While few economists have actually estimated the effects of such a large increase in the minimum wage, the US Congressional Budget Office (CBO) presented its economists’ estimate earlier this month. According to the CBO, the increase would reduce US employment by 0.9 percent. That might not sound like much, but 0.9 percent translates into 1.4 million workers put out of work.
But wouldn’t the increase in the minimum wage also increase wages for a lot of workers who keep their jobs? Yes, it would, and the CBO estimates that although the workers who lose their jobs would lose income, their loss over the years from 2021 to 2031 would be “only” 34 percent of the gain to the workers who gained wages.
But the gain in wages is not an unalloyed benefit to those who gain. The reason is that, as noted above, an increase in wage rates doesn’t automatically make workers more productive. So employers, looking for ways to avoid paying more to workers than their productivity is worth, would search out other ways of compensating. They might cut non-wage benefits, work the employees harder, or reduce training, to name three. Interestingly, on its website in 2006, when Congress was considering an increase in the federal minimum wage, the Economic Policy Institute (EPI), an organization funded partly by labor unions, admitted the last two of these three. It stated, “employers may be able to absorb some of the costs of a wage increase through higher productivity, lower recruiting and training costs, decreased absenteeism, and increased worker morale.” How would an employer make his workers more productive and reduce absenteeism? Probably by working the employees harder and firing those who miss work. How would he reduce training costs? By providing less training. In an article in the winter 2021 issue of the Journal of Economic Perspectives, UC-San Diego economist Jeffrey Clemens noted a negative correlation between minimum wages and employer-provided health insurance. In the workplace as in the rest of the world, there’s no free lunch.

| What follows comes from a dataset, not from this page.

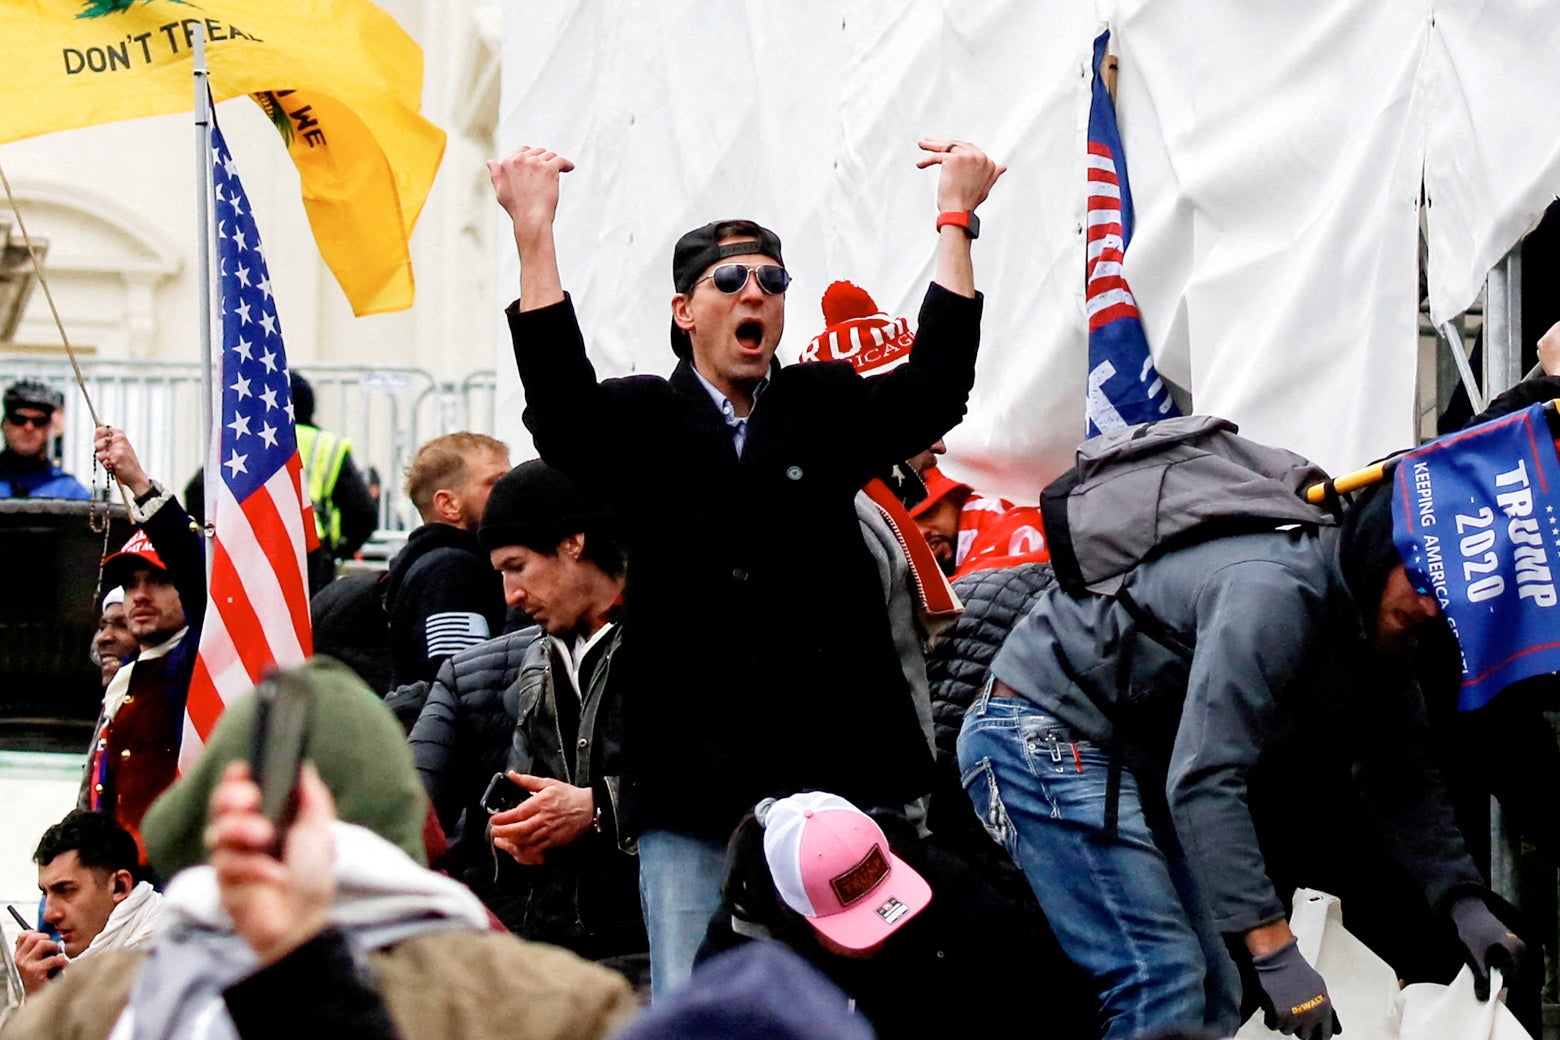 Kelley, wearing black sunglasses and a backward hat, makes a "come this way" gesture with two hands against a backdrop of other Jan. 6 rioters and white sheets over scaffolding.

The late economist Walter Williams has written about how, as a teenager, he learned many skills on the job that made him more productive and ultimately higher paid. I wrote recently that he could get those early jobs because the minimum wage was so low. Low-paid jobs are often crucial for black youths and other youths who need to build their work skills and work histories. These skills might be as simple as learning to show up on time. In 1967, when I was sixteen, I worked in a kitchen at a summer resort in Minaki, Ontario. The minimum wage at the time was $1 an hour and I was paid, if I recall correctly, $1.25 an hour. For the first three days of the job, I showed up about twenty minutes late. On the third day, the chef told me that if I was late the fourth day, I shouldn’t bother showing up because I would be fired. I was never late again. I learned the “skill” of punctuality. We adults take such things for granted. Kids don’t. Raise the minimum wage enough and a whole lot of young people won’t learn the basics, or won’t learn them until later in life. That would be tragic.